Israel is likely to request a slow decline in aid in the early years of the next agreement, which would give Israel the opportunity to restock ammunition and other materiel expended in its recent wars in Gaza, Lebanon, Syria, and Iran, according to Jesse Weinberg, an expert on Washington’s ties with the Middle East at Israel’s Institute for National Security Studies. Still uncertain is whether the phaseout would include the $500 million a year Israel now receives in missile-defense funding on top of the annual $3.3 billion in foreign military financing. Israel is already on the hook for $20 billion in aircraft purchases currently in the pipeline, which it might have to fund from its own budget, depending on when aid ends.

“The way everyone here is looking at it now is, essentially, ‘How do we prove we are a strategic partner?’ We do that by building up Israel’s defense industry and investing in the U.S. industrial base,” Weinberg told me, as well as potentially through the joint development of weapons systems and new technologies such as AI and quantum computing. The aid, he said, “was a no-brainer for the older generation, but with the Trump administration it needs to be ‘Here’s what we’re doing to support you.’’’

If the shift toward cooperation and away from assistance has the effect of easing criticism from elements of both the Republican and Democratic Parties, so much the better. “If it’ll calm the nerves of Tucker Carlson, or Congresswoman Jayapal on the other side of the spectrum, let it be,” the Israeli official said. Both Carlson, an influential Republican podcaster, and Pramila Jayapal, a Democratic lawmaker from Washington State, have criticized Israel’s handling of the Gaza conflict and said that U.S. support should come with more conditions or be stopped altogether.

Senator Lindsey Graham, a Republican from South Carolina, a leading supporter of U.S. aid to Israel, “didn’t know what hit him” when he heard about Netanyahu’s proposal, the Israeli official said. Weeks earlier, Graham had decried what he said was growing anti-Israeli and anti-Semitic opinion in the U.S., and said that any attempt to diminish the relationship would be a “big mistake.” But after hearing Netanyahu’s case, Graham said he would draft legislation to “dramatically expedite” Netanyahu’s new proposal.

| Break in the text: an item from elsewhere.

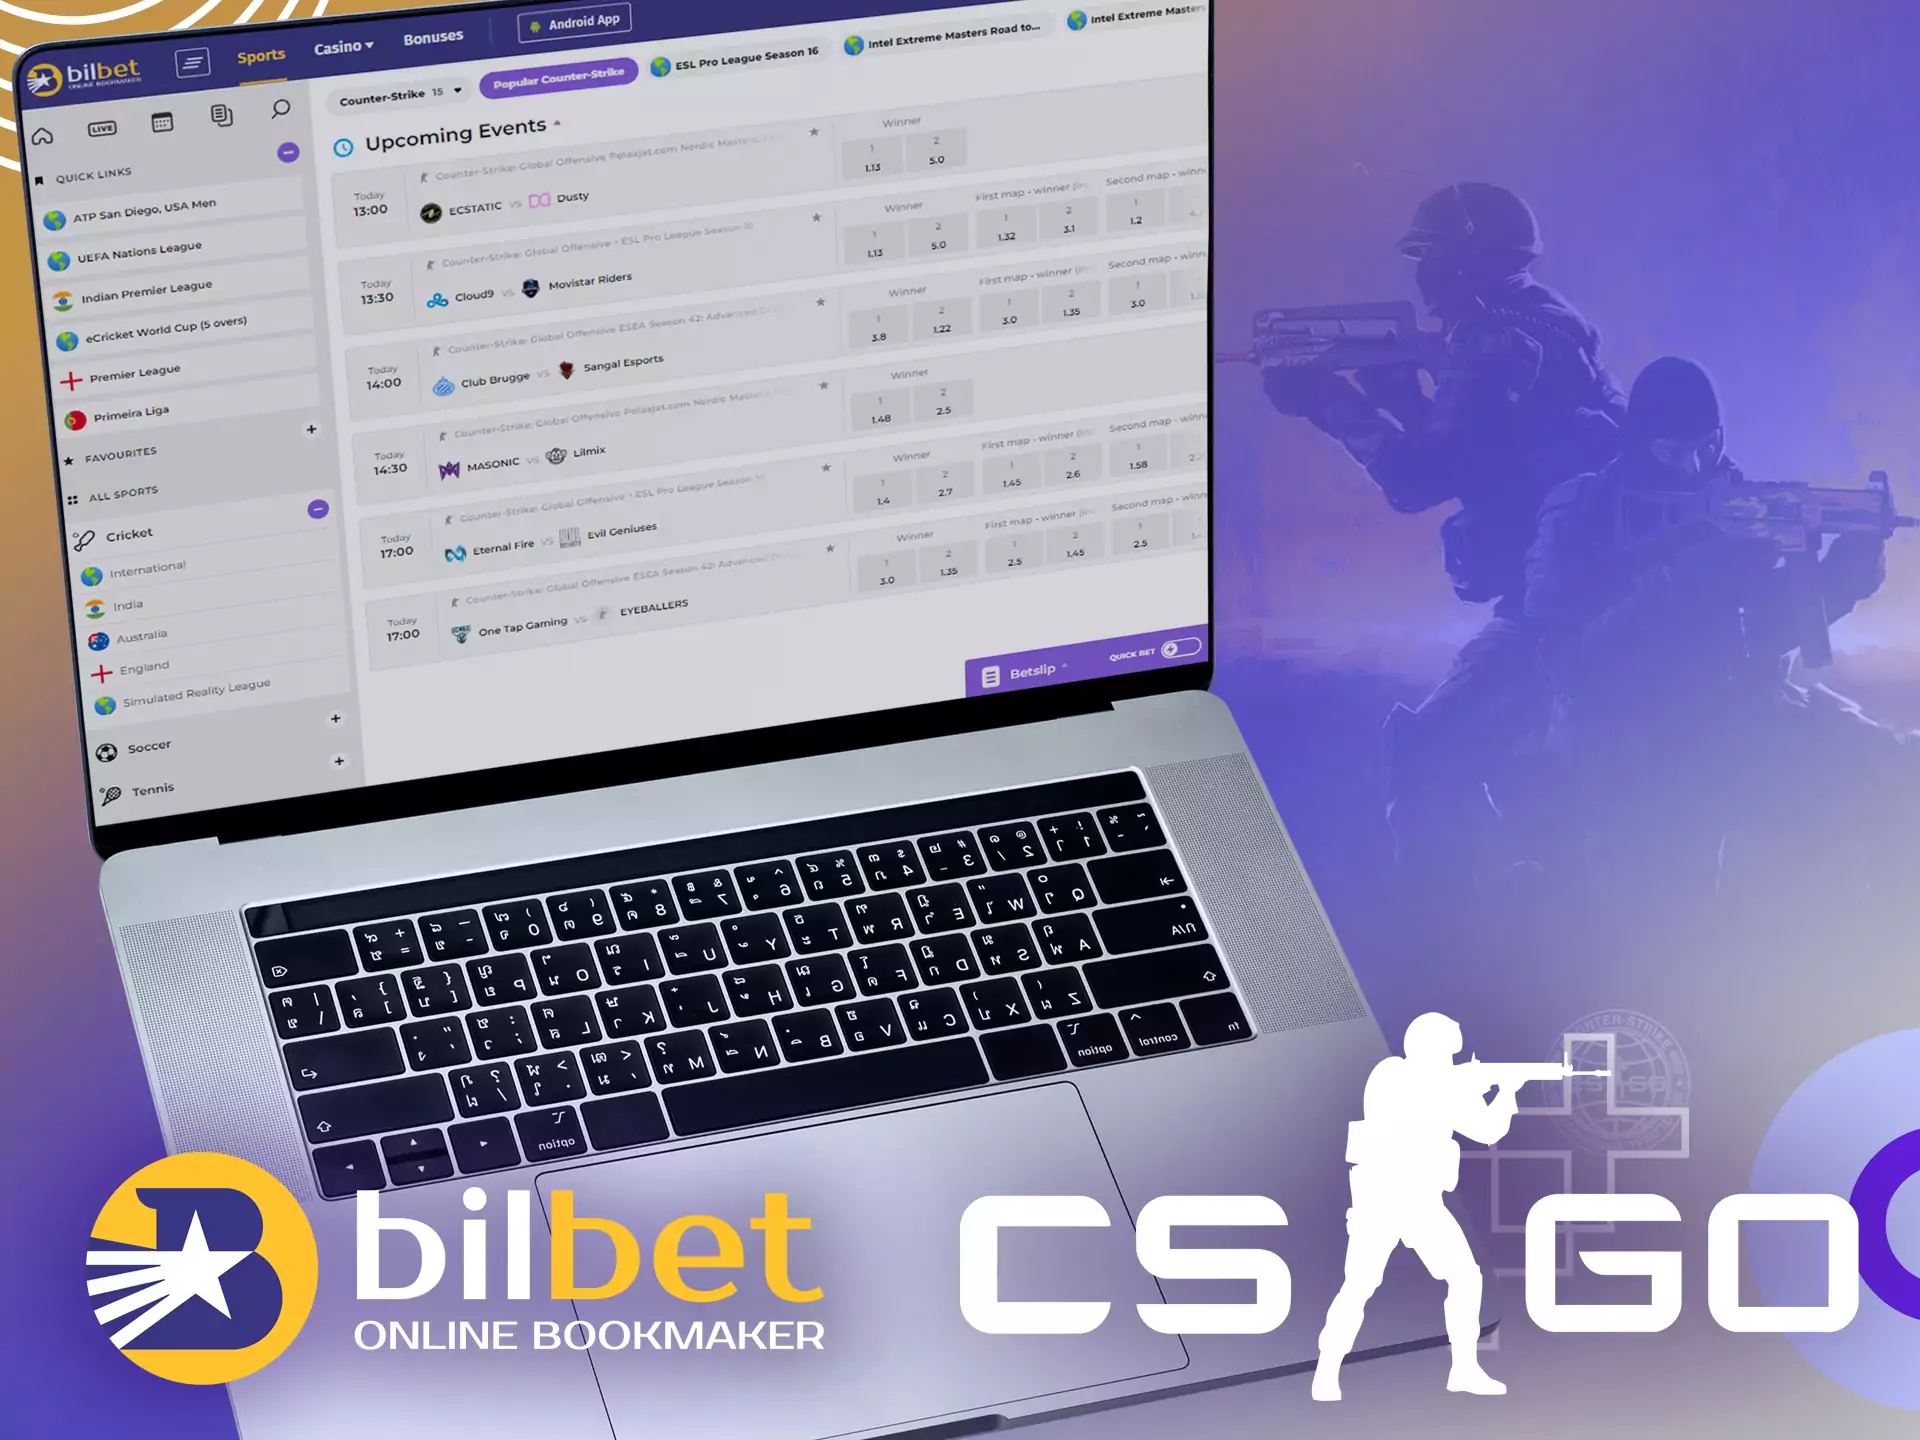 If you are a fan of CS:GO, try betting in the Bilbet sportsbook.
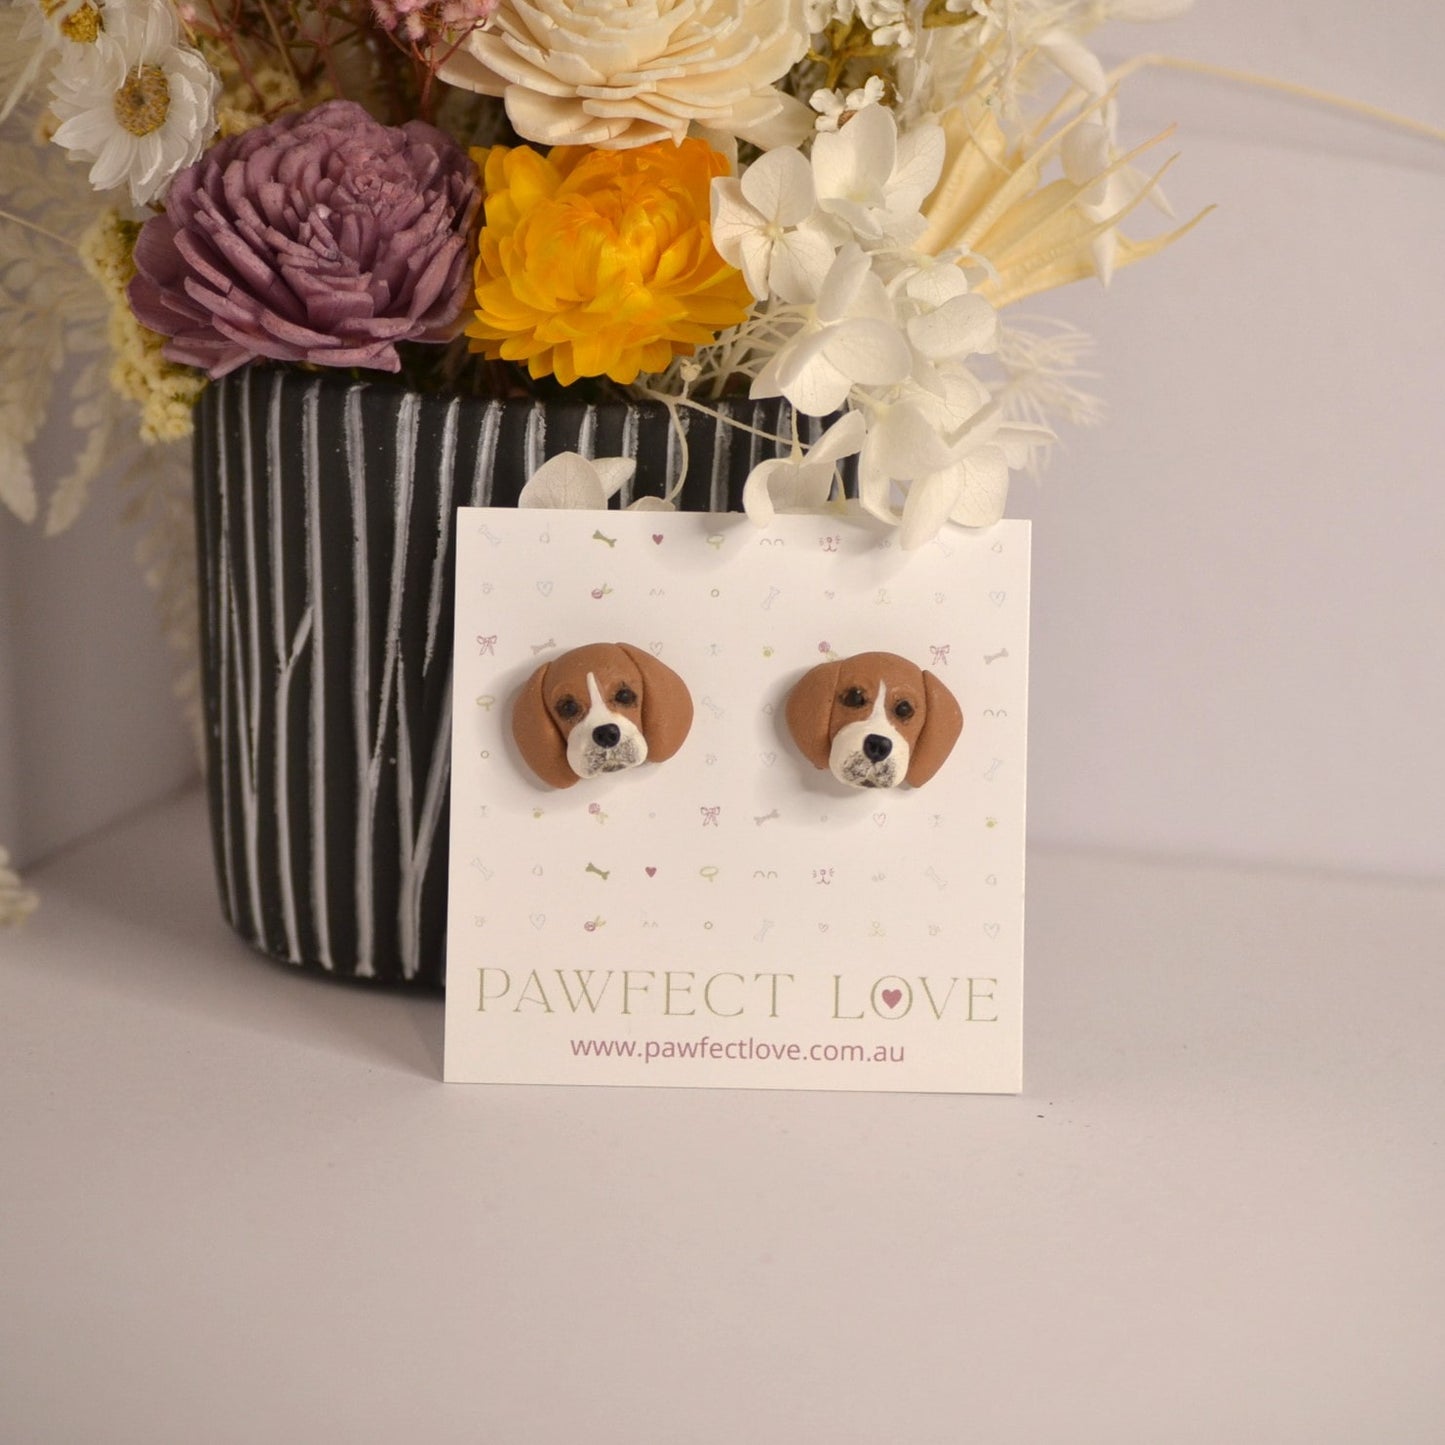 Handmade beagle stud earrings by Pawfect Love, positioned in front of dried flower arrangement

“I will always appreciate allies who are trying to be more self-sufficient,” Graham wrote on social media. “Given what the Prime Minister said, we need not wait ten years.” (The senator’s spokesperson did not respond to requests for comment.)

The Israeli opposition leader Yair Lapid and others have dismissed Netanyahu’s plan as electioneering, arguing that it will increase Israelis’ tax burden while diminishing the country’s military and technological capabilities. Daniel Shapiro, who served as the U.S. ambassador to Israel from 2011 to 2017 and helped lead negotiations on the existing MOU, cautioned that such a dramatic shift could reinforce the perception that the U.S. is walking away from the region, potentially tilting Arab allies toward China and Russia, and leaving Israel more exposed to Iran. “The whole thing to me adds up to a significant reduction in U.S. leverage and our ability to check our competitors in the region,” Shapiro told me. “That’s something advocates for phasing out U.S. assistance in both countries, including in my party, rarely grapple with.”

Ultimately, the question of military assistance alone won’t determine the future of the U.S.-Israel relationship. “What matters more is whether the U.S. is going to sell Israel weapons, and under what conditions,” Ilan Goldenberg, a former Biden-administration official and now the chief policy officer at J Street, a liberal Jewish-advocacy group, told me. “Are we going to send aircraft carriers when Israel is worried about Iran? Are we going to shoot down those missiles?”

But even those elements of support, although not a direct gift of taxpayer funds, will likely be subject to additional scrutiny given the changing views of Americans in both parties. The old consensus is giving way, and it’s still unclear whether a new one can be forged.